When many people hear the name ‘Sofia,’ they think of the bohemian capital of Bulgaria. But some of you will know that its also the name of the unique aircraft that uses the call sign “NASA747.” The Stratospheric Observatory for Infrared Astronomy (SOFIA) is an 80/20 joint project between NASA and the German Aerospace Center (DLR). SOFIA is the successor to NASA’s Kuiper Airborne Observatory.
SOFIA is unusual looking: a short and stubby aircraft with an outsized tail fin. It is one a small number of Boeing 747 Special Performance (SP) aircraft that were built as derivatives of the Boeing 747-100 series. These SP aircraft were shortened and specifically designed to fly higher and farther than any other 747 at the time. Due to the shortened fuselage, the tail fin needed to be made bigger to allow the rudder to have the same effect on the aircraft with a smaller turning moment. This led to the rather ungainly appearance of this series of aircraft.
The SOFIA airframe began life with Pan Am (N536PA) and was christened “Clipper Lindbergh” by Anne Morrow Lindbergh – the wife of legendary aviator Charles Lindbergh – on 20 May 1977, the 50thanniversary of Lindbergh’s historic flight from New York to Paris in 1927. In 1986, the aircraft was bought by United Airlines and was operated in a passenger role until December 1995, when the airframe was placed in storage near Las Vegas. In 1997, the aircraft was bought by NASA, which transformed it into the marvel it is today.
A number of corporations including L3 and Raytheon worked with NASA at a facility in Waco, Texas to convert the aircraft to an airborne observatory. To ensure success during the project, Raytheon bought another 747SP on which they first experimented and performed trials so the initial work wasn’t being done on the actual SOFIA aircraft.

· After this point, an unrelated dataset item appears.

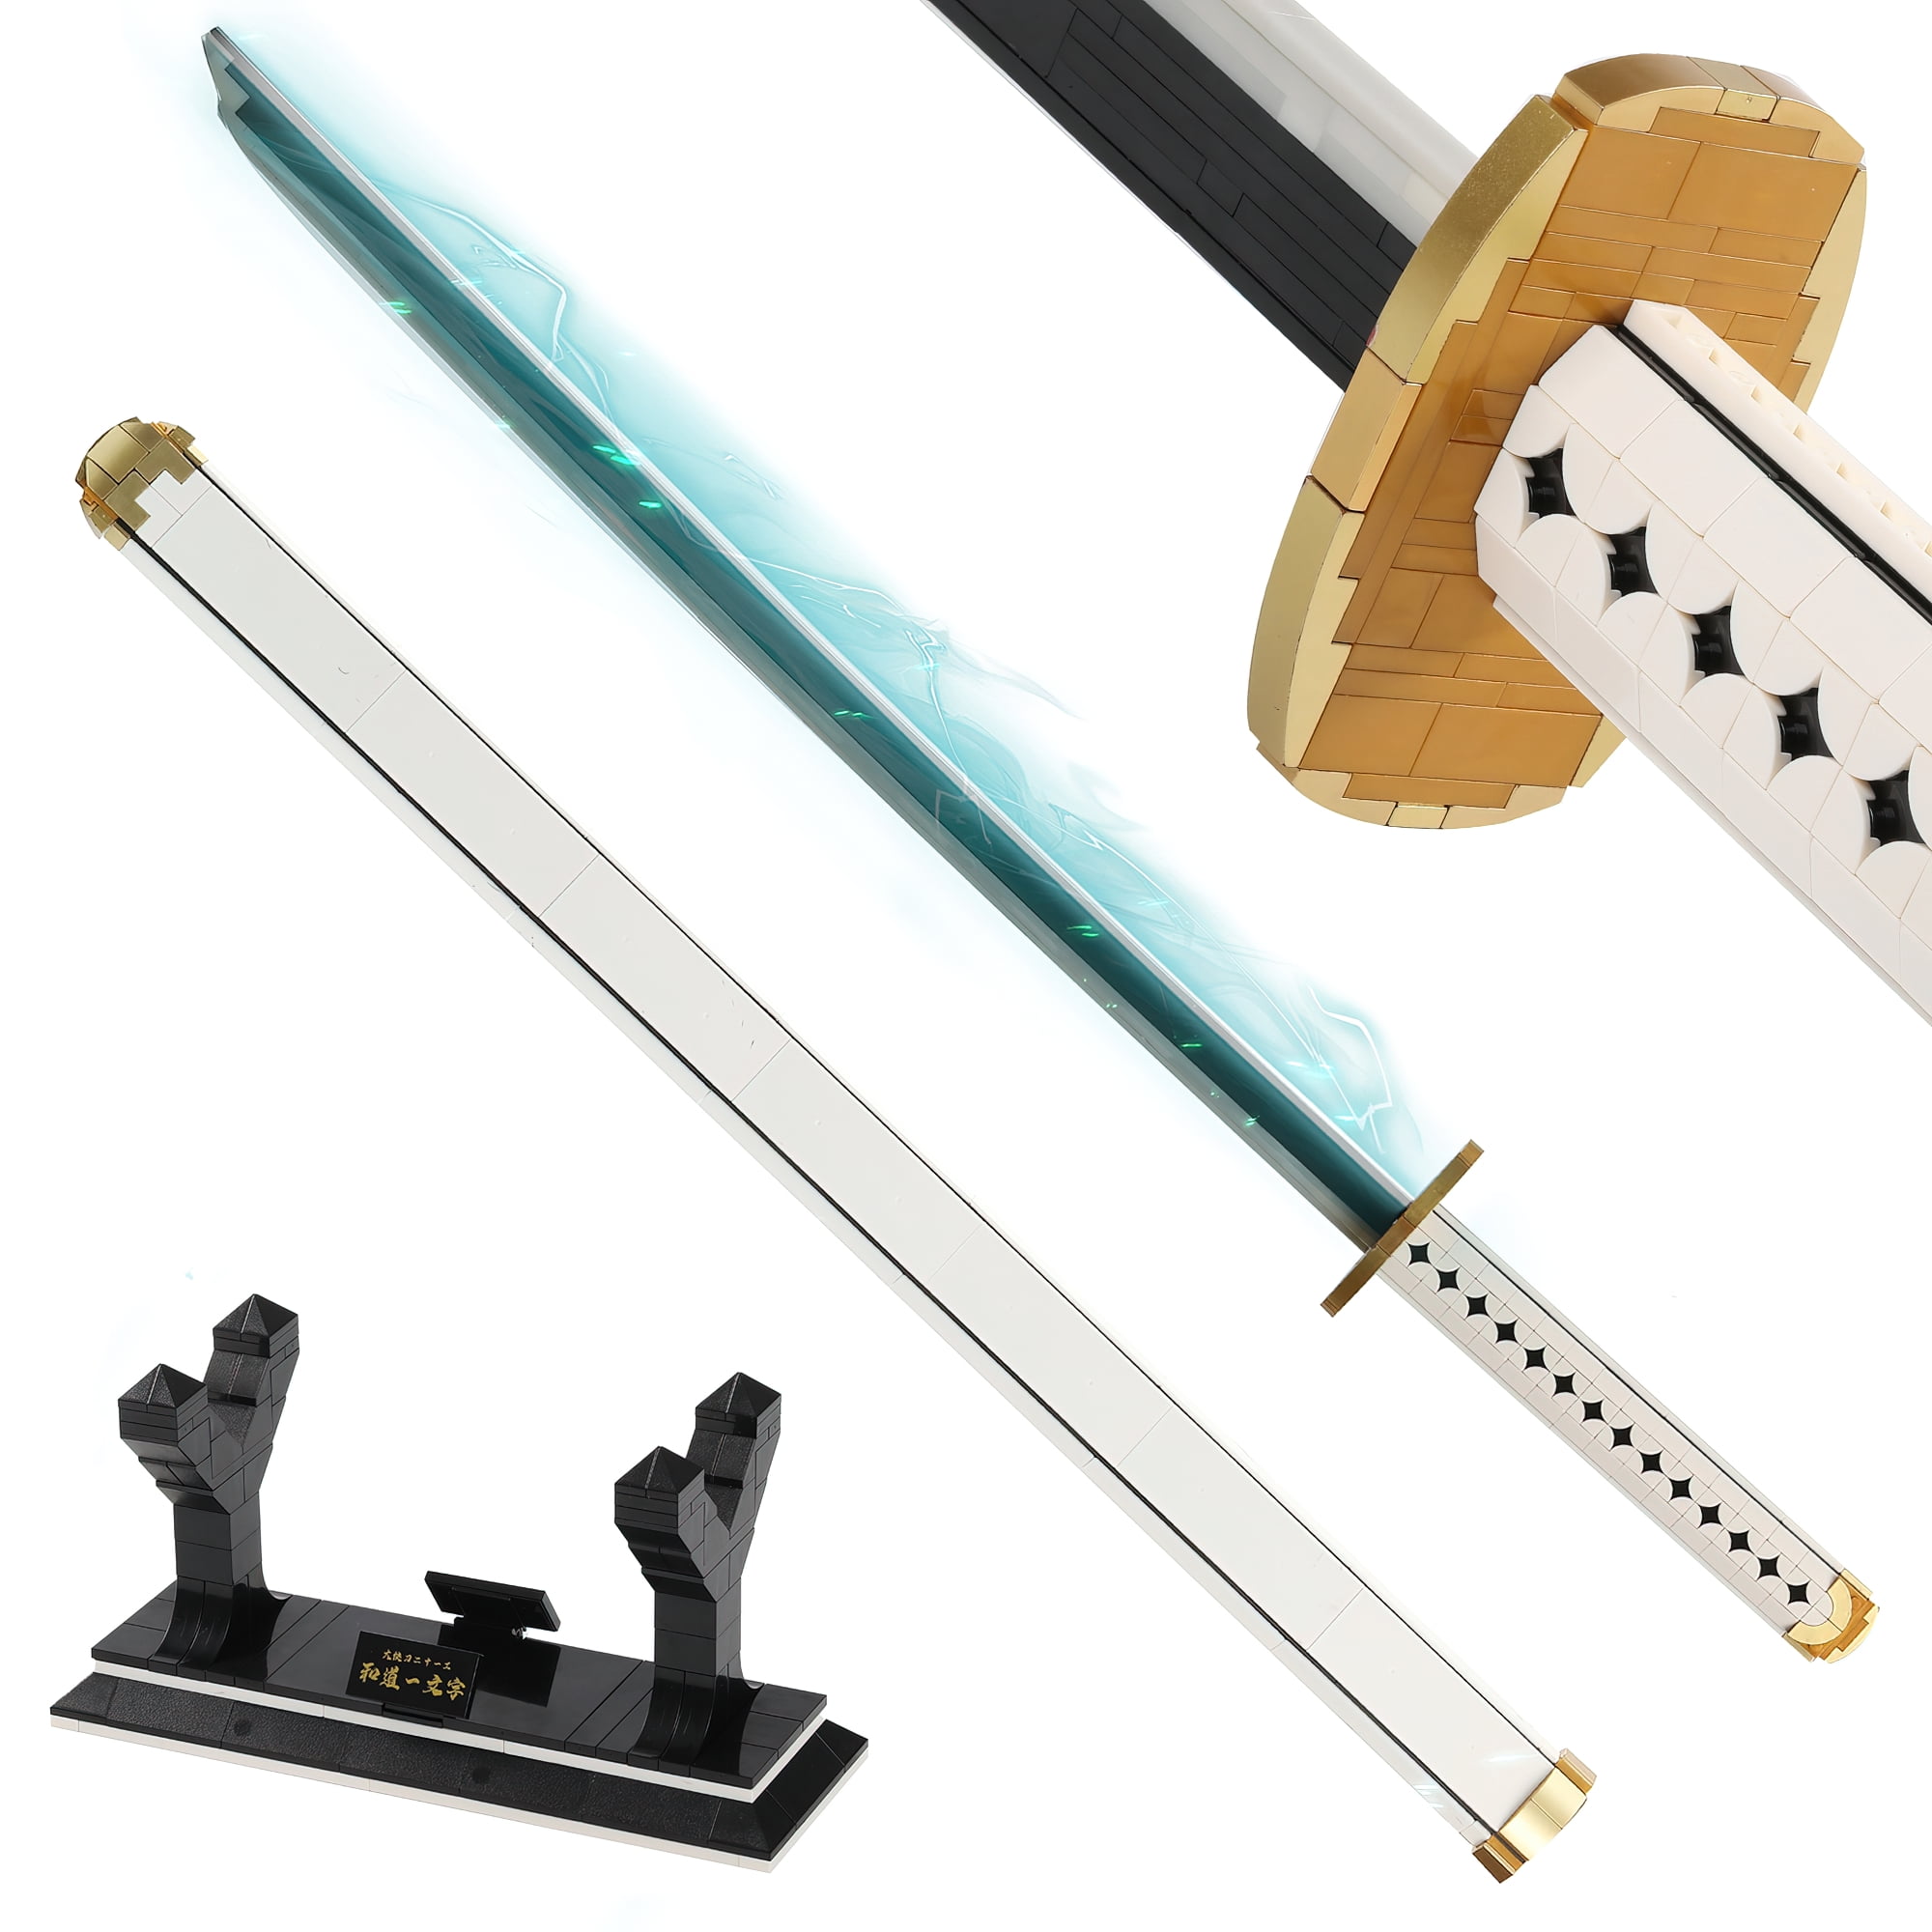  Demon Slayer Swords Building Set, 39in Zenitsu Sword

To complete the circle linking the SOFIA airframe with Charles Lindbergh, at NASA’s invitation, Lindbergh’s grandson, Erik Lindbergh, re-christened the aircraft as “Clipper Lindbergh,” on May 21, 2007, the 80th anniversary of the completion of Charles Lindbergh’s trans-Atlantic flight.
The SOFIA needed to be a 747, and more specifically an SP variant, because the aircraft needed to house a 2.7 meter diameter infrared telescope and a huge gimbal stabilization system. Additionally – and crucially – the aircraft needed to cruise at 41,000ft in order to be above the majority of moisture in the atmosphere and provide optimum conditions for use of the infrared telescope. The 747 provided the size and the SP gives the ability to cruise at 41,000ft effortlessly.
The telescope compartment is extremely complex. The space must be cooled slowly to match the outside air temperature before the compartment is depressurized and the door opened. This procedure prevents thermal shock to the sensitive mirror in the telescope and other scientific instruments. When the door is open, the telescope is subjected to significant extremes of wind buffeting which are mitigated by a sophisticated 3-axis gimbal system. Once the mission is complete, the outer door is closed and the entire compartment is flooded with nitrogen to prevent condensation forming on the mirror lens and other instruments.
So what is SOFIA looking at? Primarily, the structures and atmospheres of planets. In 2016, SOFIA detected atomic oxygen in the atmosphere of Mars – a phenomenal observation. The height that the SOFIA telescope can achieve makes it possible for scientists to make observations that may not be possible with ground based telescopes.
NASA gave the aircraft a glass cockpit avionics upgrade in 2012 and has no current plans to retire this unique aircraft.